As a thought experiment, imagine how you would react to a pharmaceutical company dismissing negative evidence about one of their drugs in the same way.
And, to add insult to injury, other new studies confirmed the trend of earlier research, which showed that consumption of significant doses of supplements of even necessary vitamins and minerals not only did no good, but in fact potentially caused harm. As Tara Parker-Pope of the
New York Times put it, "Everyone needs vitamins, which are critical for the body. But for most people, the micronutrients we get from foods usually are adequate to prevent vitamin deficiency, which is rare in the United States." Interestingly, this is pretty much what we learned in advanced science seminar back in high school (which is longer ago than I care to remember).
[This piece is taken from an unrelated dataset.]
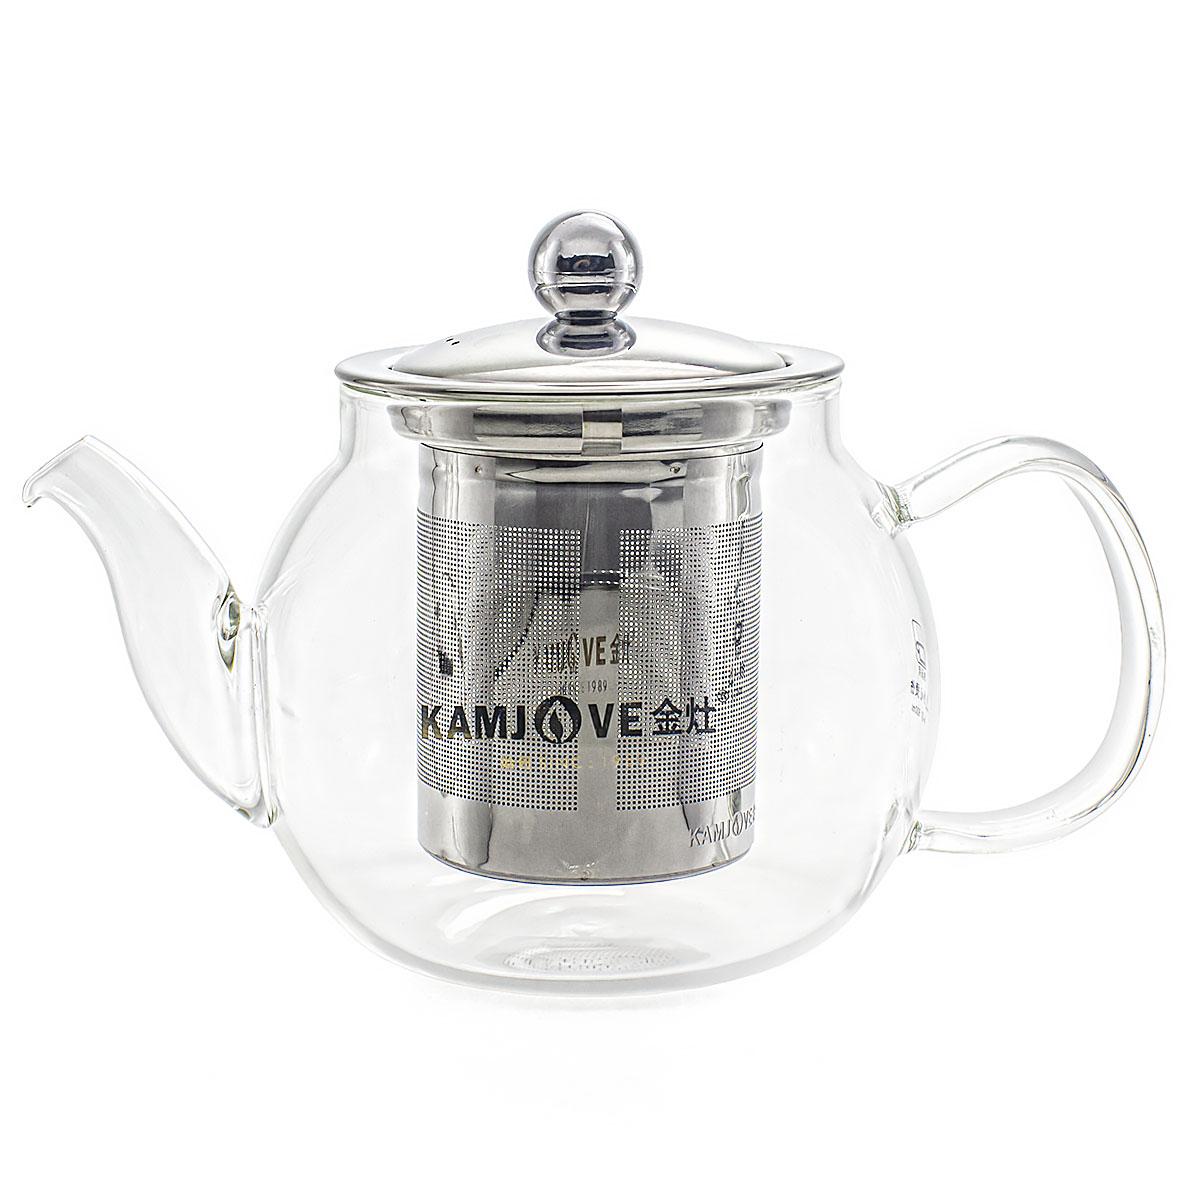 Стеклянный заварочный чайник Kamjove А-07 с ситом 600 мл.
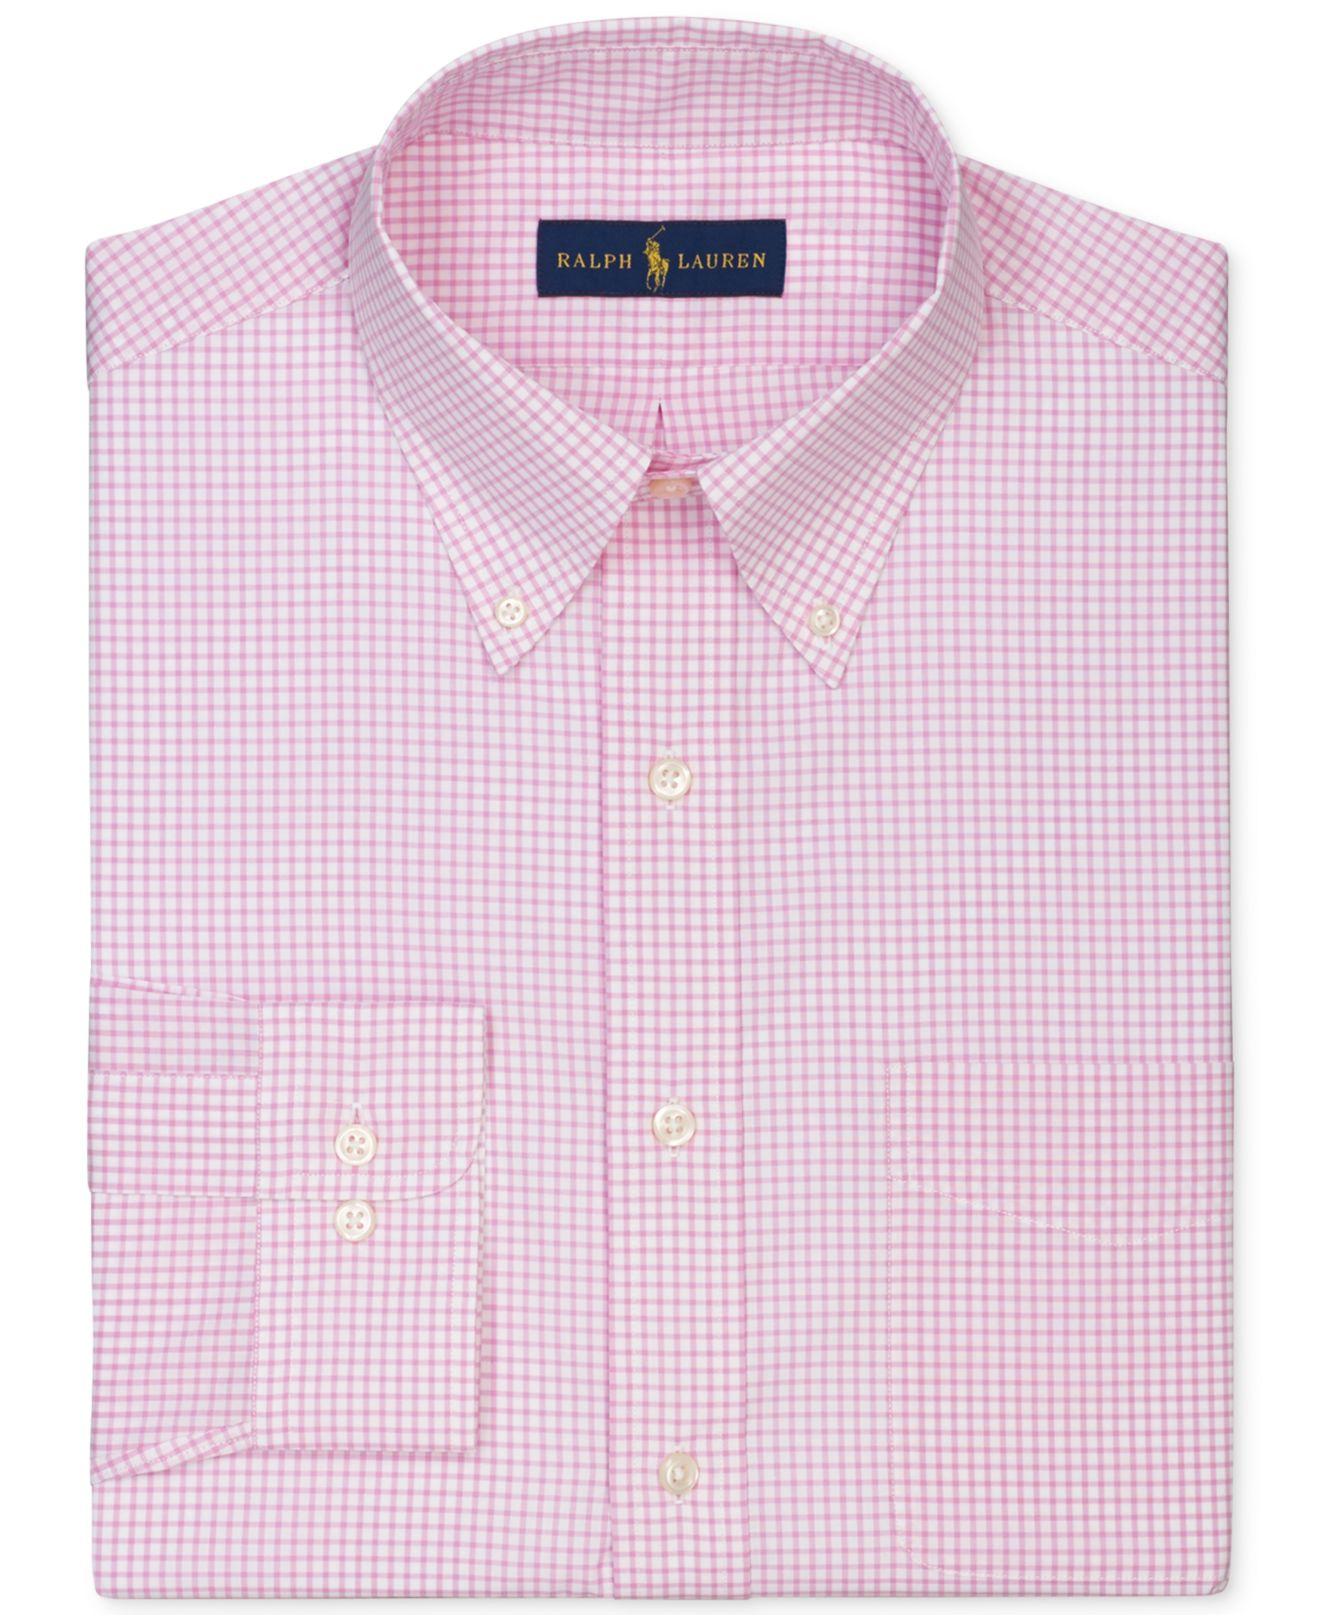 Polo ralph lauren gingham dress shirt in pink for men lyst for Men s red gingham dress shirt

Linus Pauling had suggested that Vitamin C was a cure for the common cold, but our chemistry teacher scoffed at the notion and suggested that the Nobel laureate had lost his edge: "Either you're getting adequate amounts from a normal diet, or your body can't absorb them properly--in which case supplements do no good." ("News Keeps Getting Worse for Vitamins: The best efforts of the scientific community to prove the health benefits of vitamins keep falling short,"
Well Blog, 20 Nov.)
And if you think that's depressing, watching the responses of readers who insist that they know why multiple, large-scale, carefully controlled clinical studies just "can't" be right and "must not" have taken factor x or y into account is a deeply disturbing excursion into the world of scientific illiteracy and self-delusion. (One expects this sort of denial from the capitalist supplements industry, which is incorrigible and has a material stake in the affair.) It is illuminating, though (and here's where we bring things back to history): if educated people have so little capacity to understand the physical world, which operates according to regular and demonstrable laws and rules of evidence, can it be any surprise that they encounter so much more difficulty in making sense of the social world of history, culture, and politics, with its immeasurably more varied and complicated causal factors and interactions? Next time, don't take chances: Call a historian.
Health benefits? I think I'll just stick with beer (lager), thank you.